Марио Торнелло «Человек-хищник» В этой невероятной фигуре и в самом лице было нечто отталкивающее, хищное, но одновременно жалостливо-щемящее. Казалось, художник начал рисовать портрет несчастного человека, а затем изменил свое намерение и закончил тем, что дал волю воображению, и у его героя появилось одно крыло и птичьи лапы, очень странные, отличные одна от другой, едва очерченные, абстрактные. Однако особенно его мучило и притягивало лицо этого фатального, порожденного кошмаром существа, и чем больше он смотрел на это бледное, металлически-мерцающее лицо с трагически приподнятыми бровями, резко выступающими скулами и острой мефистофельской бородкой, тем сильнее росло его беспокойство и все настойчивей им овладевала мысль, что оно было ему знакомо. Наверное, он простоял перед картиной не менее пяти минут, вызвав нетерпение и саркастические замечания шофера, пока завеса в его сознании не начала приподниматься и он, осененный внезапной вспышкой, не увидел, что с полотна на него смотрело лицо Шаляпина.

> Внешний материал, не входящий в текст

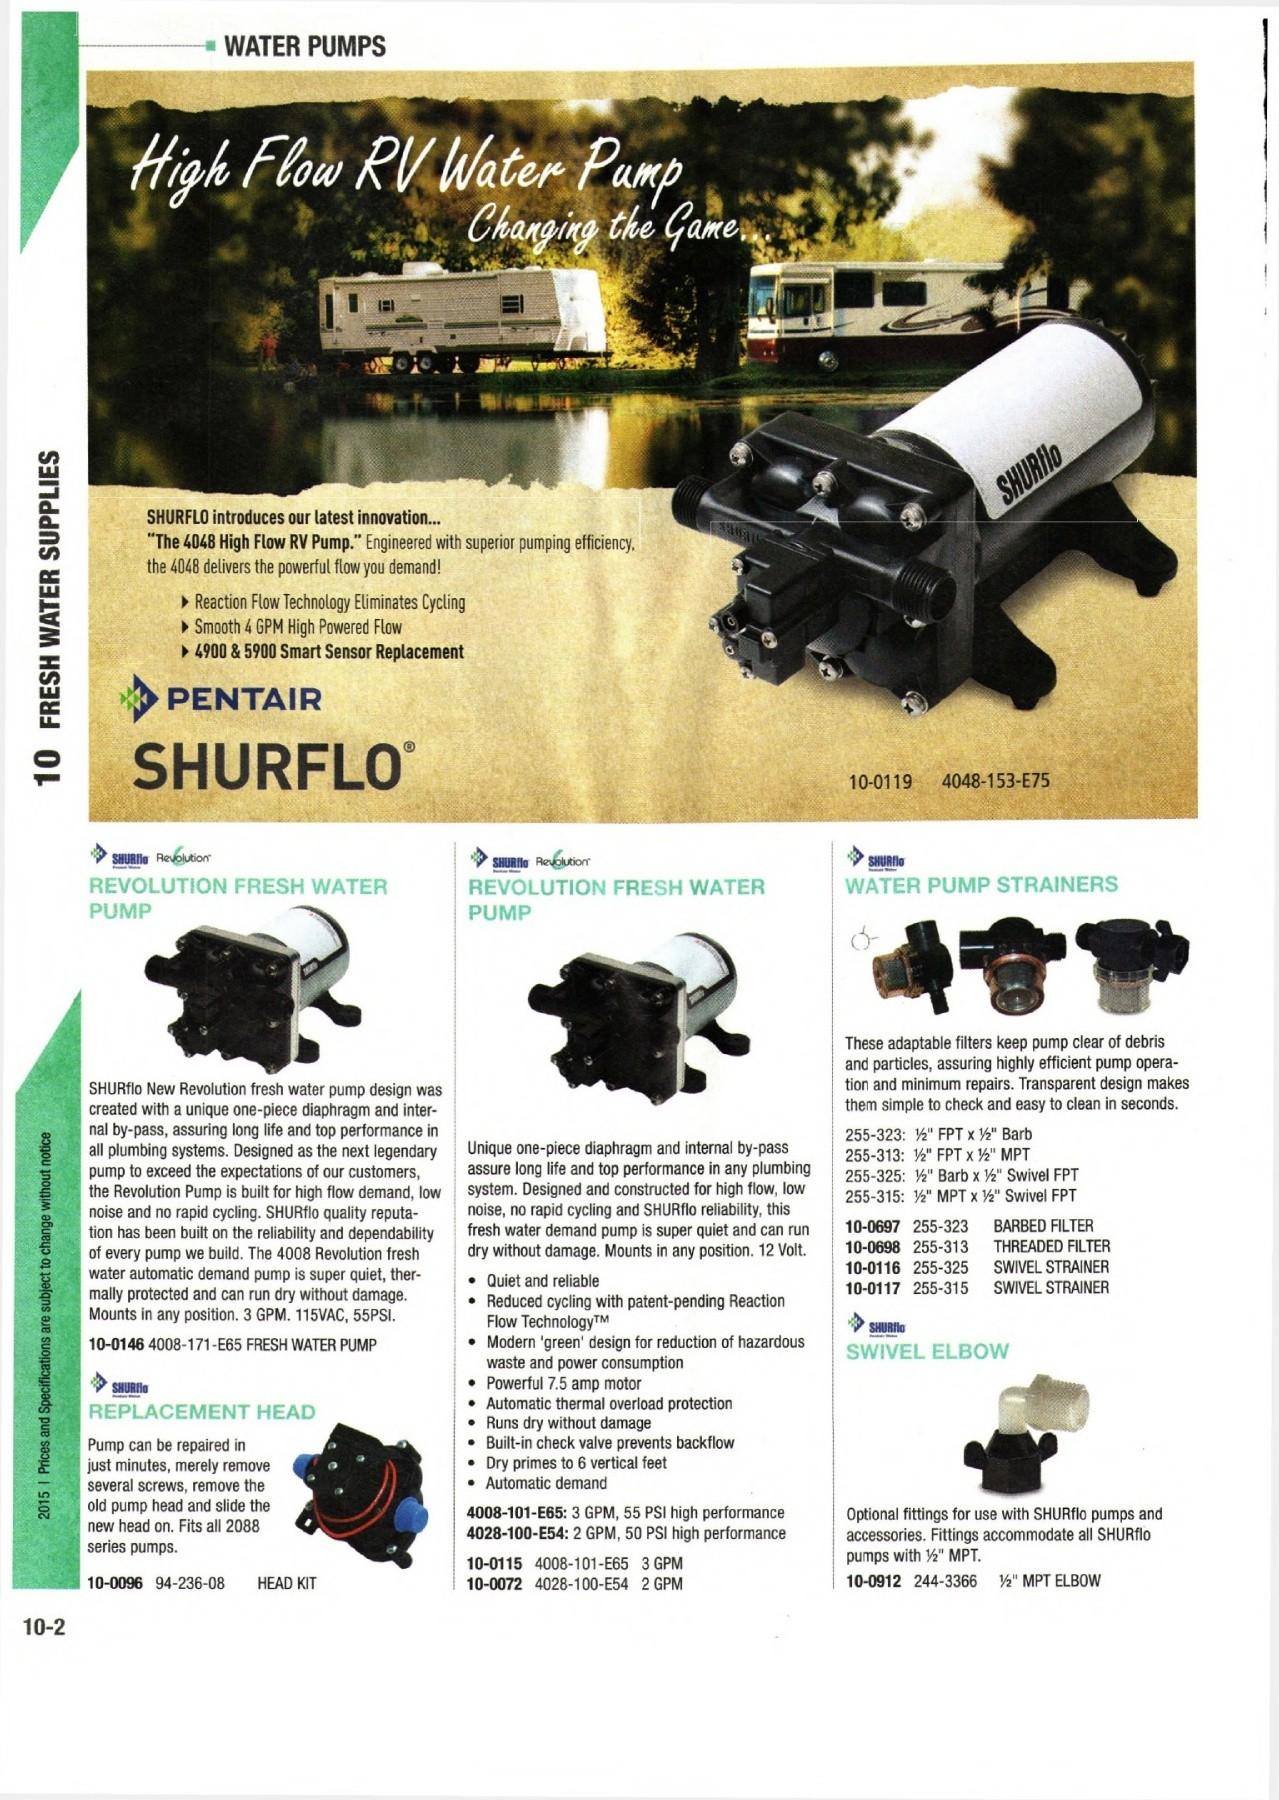 Kib Model M21vw Manual Pdf 10 Fresh Water Supplies Pages 1 50 Text Version Of Kib Model M21vw Manual Pdf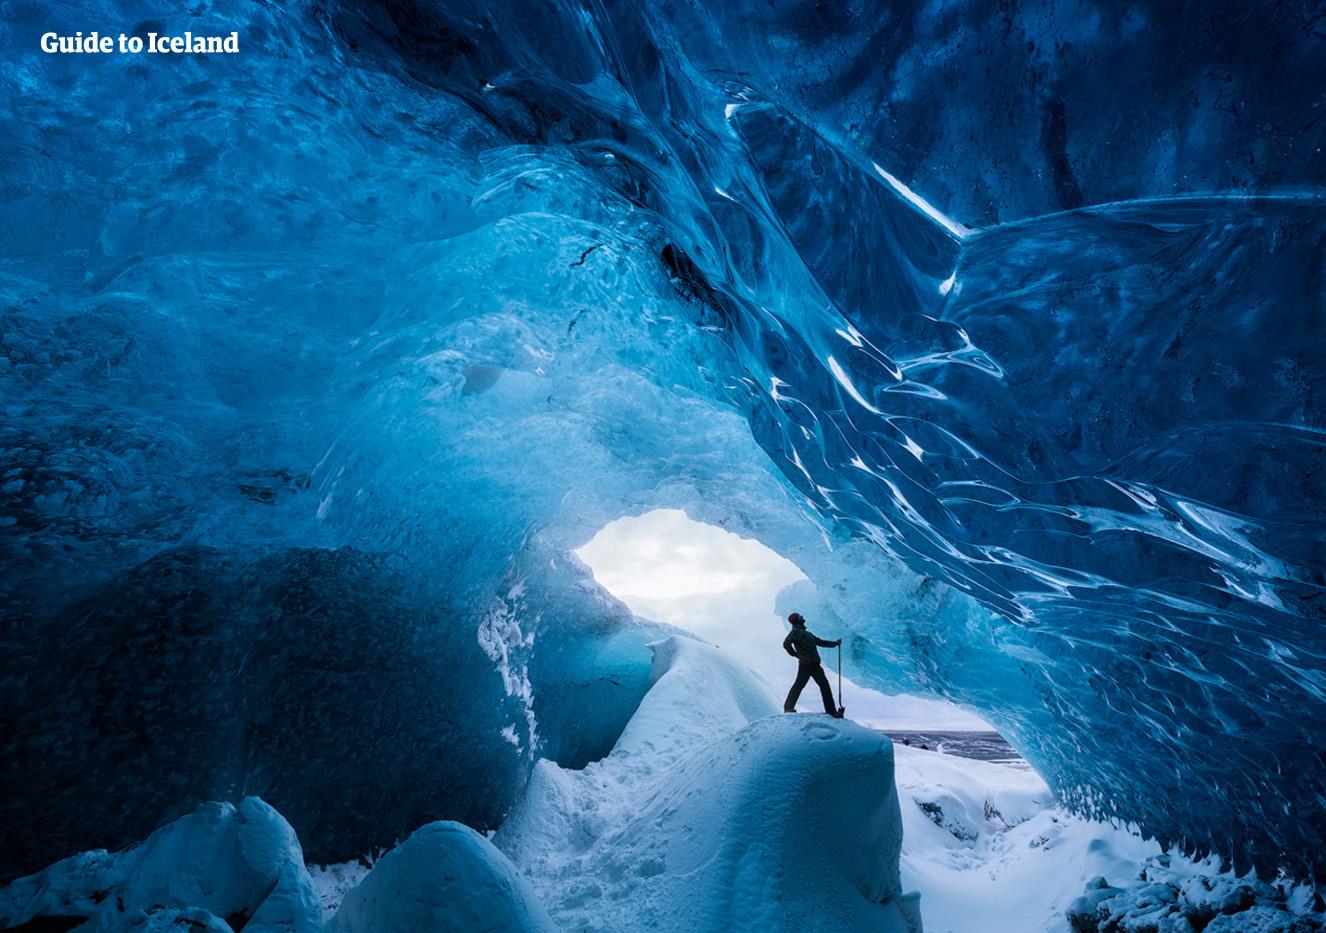 Ein Eishöhlen-Besuch ist eines der denkwürdigsten Erlebnisse, die Island zu bieten hat.

Как же он мог сразу не узнать его? Это были именно его суровые, резко очерченные черты, не всегда приятные, порой и в самом деле хищные, особенно когда он душой и телом перевоплощался в своего адского персонажа. Только теперь он понял, что незнакомый художник, если, конечно, таковы были его намерения, создал гораздо более смелое и проникновенное изображение Шаляпина и его внутреннего мира, чем все известные русские портретисты, бывшие его друзьями и старавшиеся ему польстить. Портрет Серова был, без сомнения, грандиозен, и в нем, надо сказать, от Феденькиной подлинной двоякой сущности кое-что проглядывало, в отличие от «сладеньких», хотя и талантливых работ Константина Коровина в импрессионистической манере, на которых Шаляпин представал только красавчиком и богатырем. Даже более новаторские и откровенные, срывающие все покровы с души портреты Бориса Григорьева, как он теперь видел, отнюдь не были пределом проникновения в суть его вечно ускользающего, противоречивого и изменчивого друга, хотя еще совсем недавно они казались ему верхом смелости и отваги. На них и он сам, с постным выражением лица и ранними морщинами, а также с мешками под глазами и набухшей у виска жилкой, выглядел не особенно приглядно, а Шаляпин и вовсе походил на мужичка в бане.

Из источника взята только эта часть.